Why are these things important? If a user moves their head in a pure VR scenario, visuals need to be projected in 20 milliseconds to avoid motion sickness, while in AR a response time of less than 30 milliseconds is required to ensure that virtual objects appear spatially anchored in space. the physical environment.


There are many challenges ahead to make the metaverse possible. In terms of networks, ubiquitous access will be necessary, that is, constant coverage and capacity, and seamless handover between different networks.

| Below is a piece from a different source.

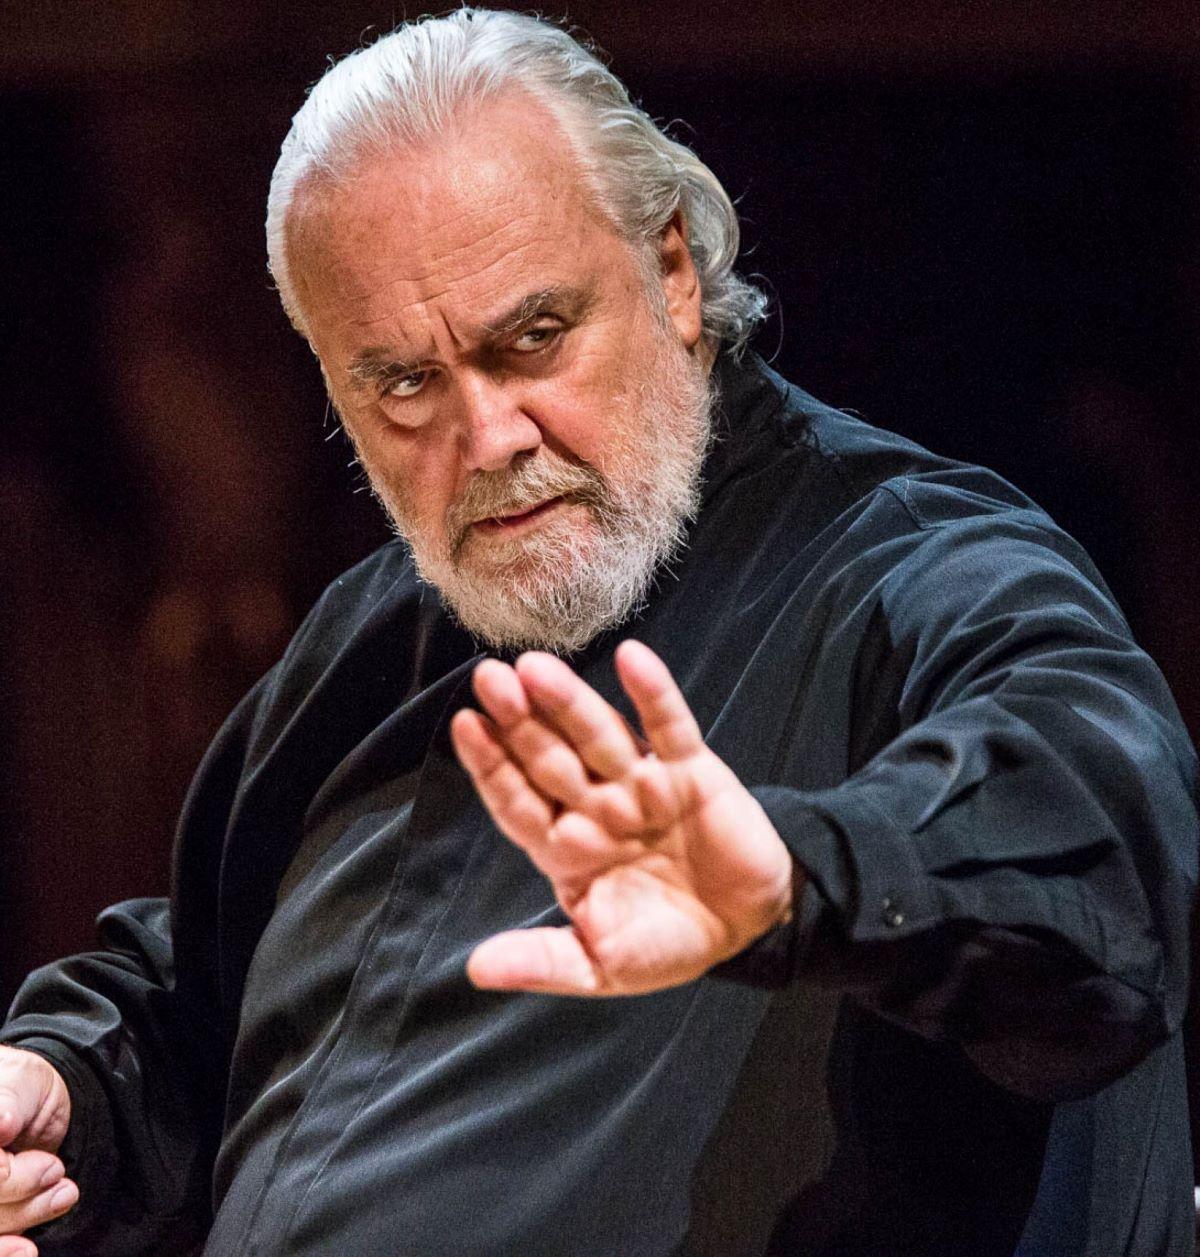 Lutto Musica Morto Direttore Orchestra Gianluigi Gelmetti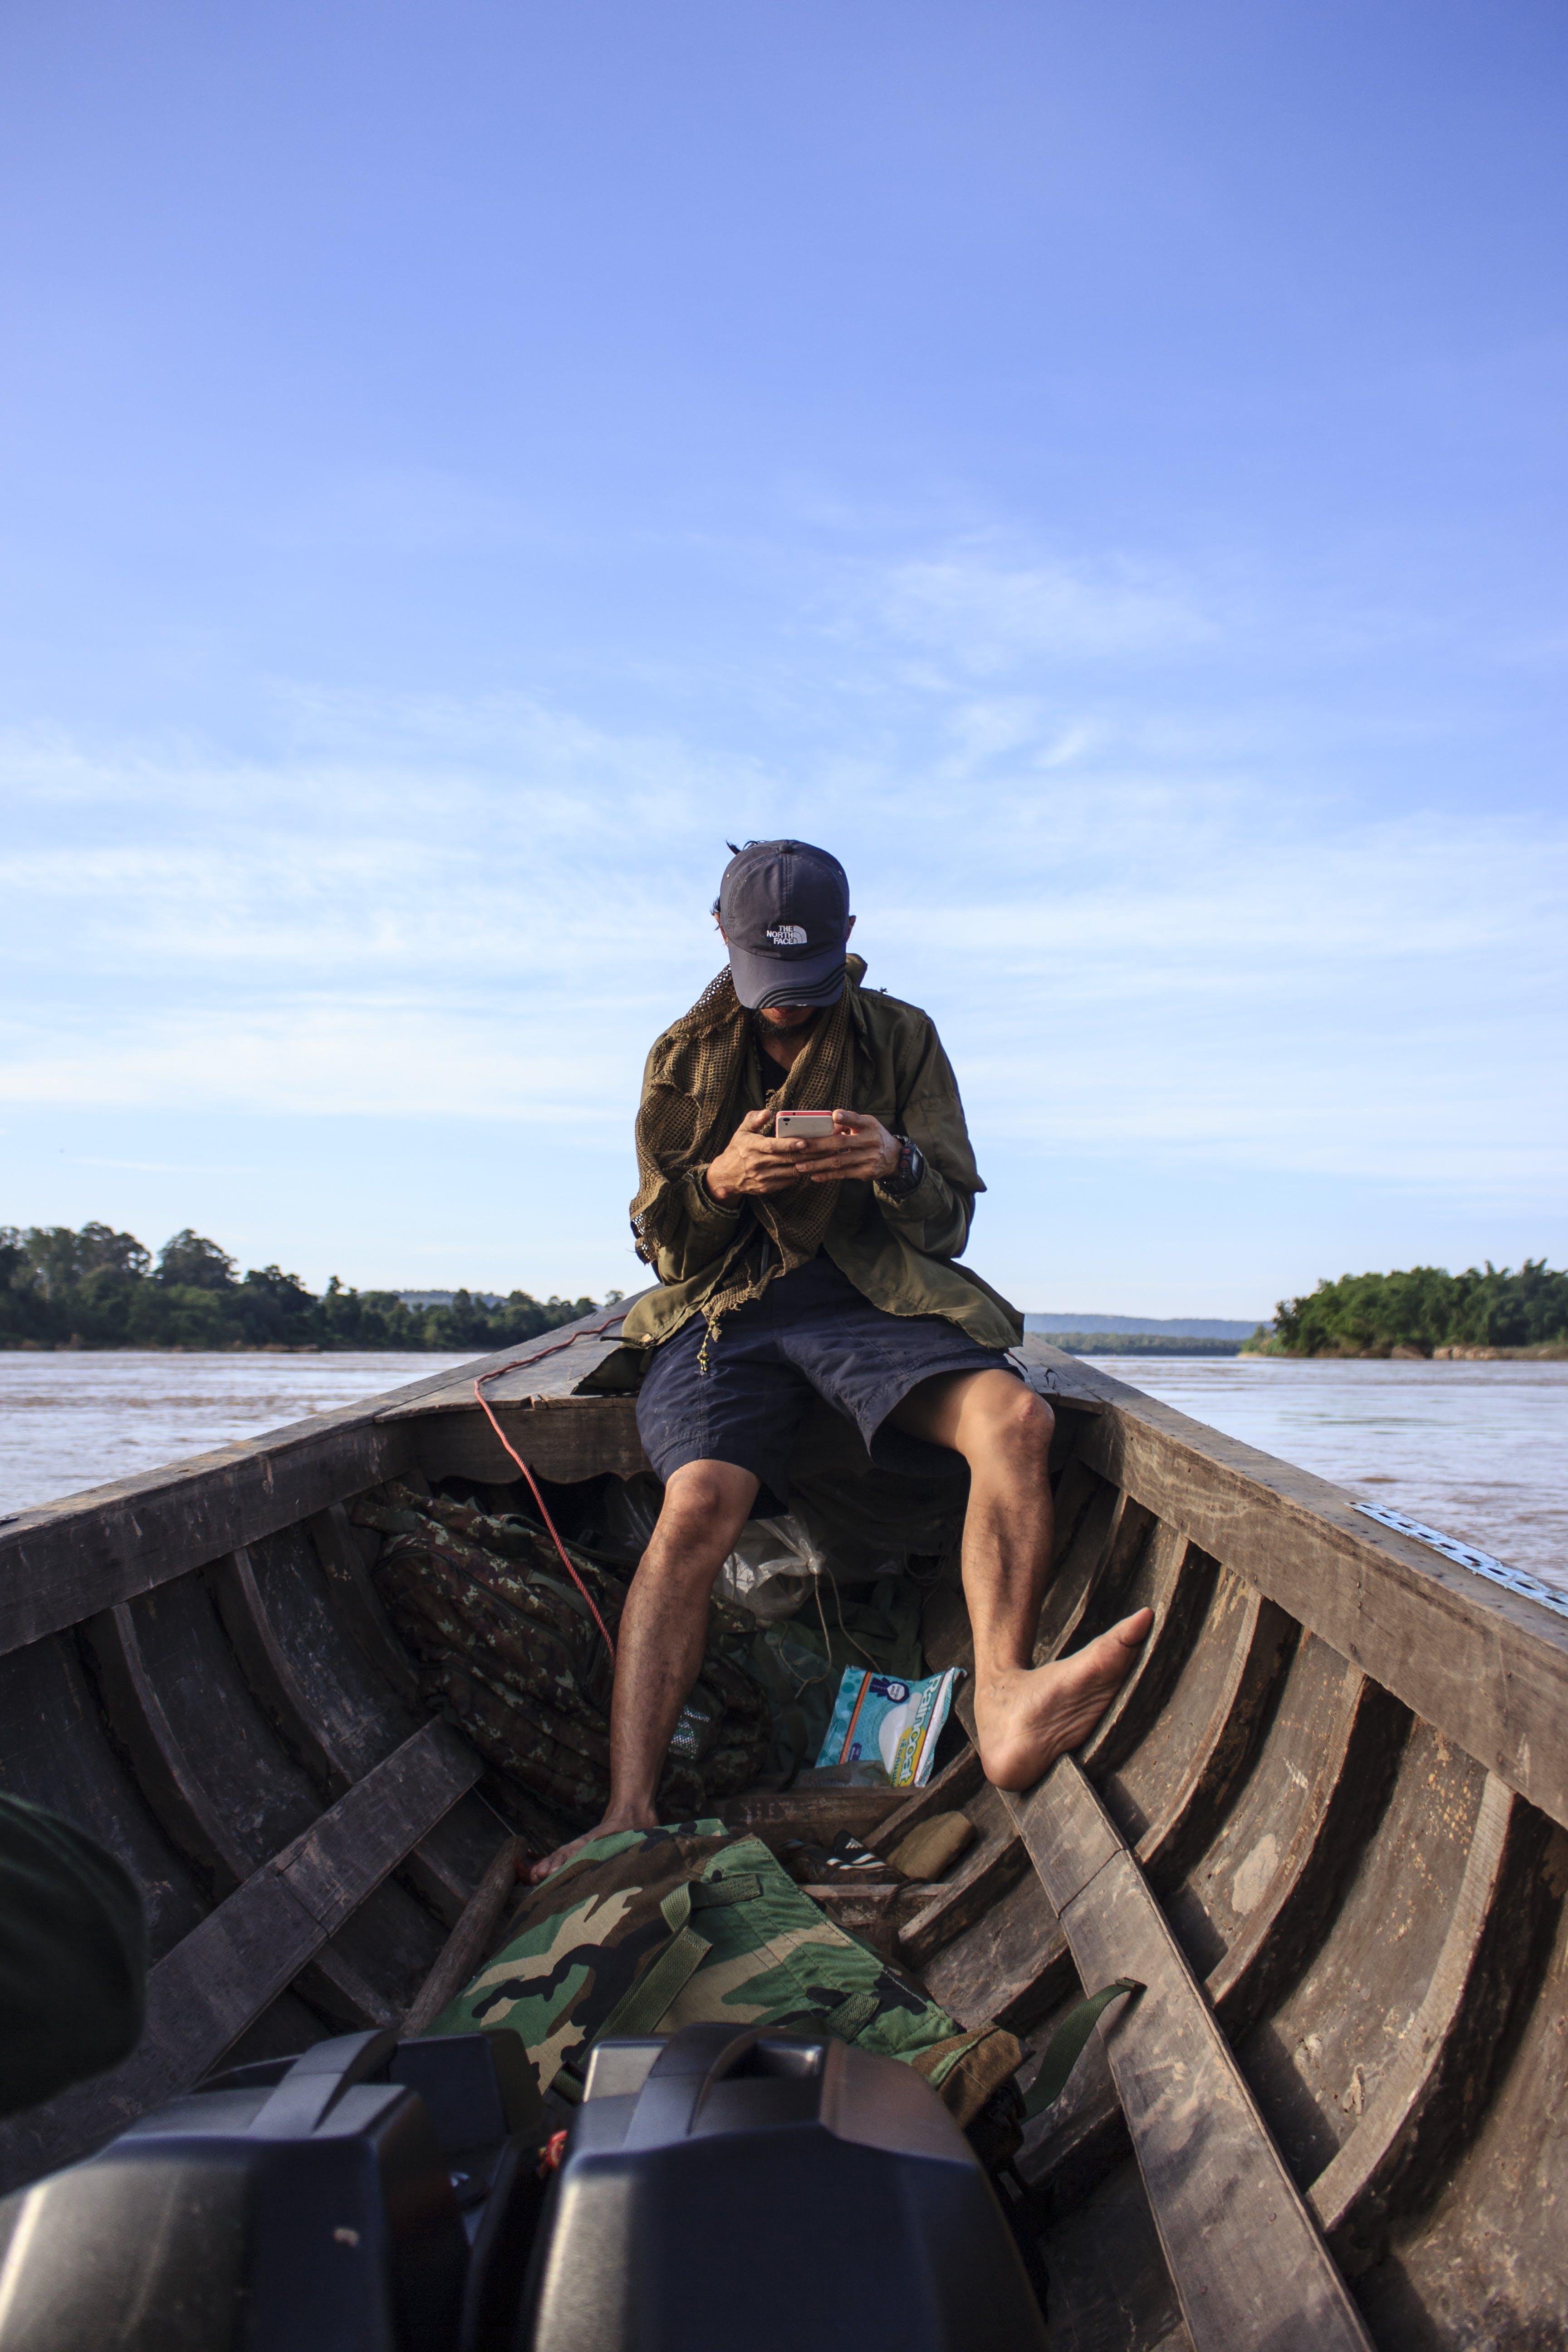 Man Wearing Black Cap Sitting Inside a Boat

We will need widespread availability of XR devices that are lightweight and affordable for users and cloud edge capabilities that can process and render data to provide an optimal experience.

The metaverse will be made up of multiple players: telecom service providers, device manufacturers, cloud hyperscalers, and application developers. Cooperation between all of these stakeholders will be necessary to create standards that ensure interoperability within this complex metaverse ecosystem.

Non-technological challenges will also have to be faced. Privacy standards will need to be created to protect children from harmful content and experiences. As well as, security technology will be needed to protect the identity of your avatar and filter or block continuous advertising.

Chile is one of the most advanced countries in Latin America in terms of its 5G deployment, reaching 545,323 users in the first quarter of 2022, the same figure that it took 12 months to reach with 4G. According to the government plan, operators should reach 90% coverage of the population in three years, which gives an idea of ​​when the networks will be ready to support the metaverse.

The first industries likely to step into this new virtual world will be entertainment (video games), retail (shopping experiences), and those that use immersive experiences for training purposes. Before the metaverse can encompass multiple aspects of our lives and become a profitable business model for advertisers, a virtual economy ecosystem will need to evolve and mature. But as we saw during the pandemic, the pace of digital transformation is accelerating and the metaverse could be here sooner than we think.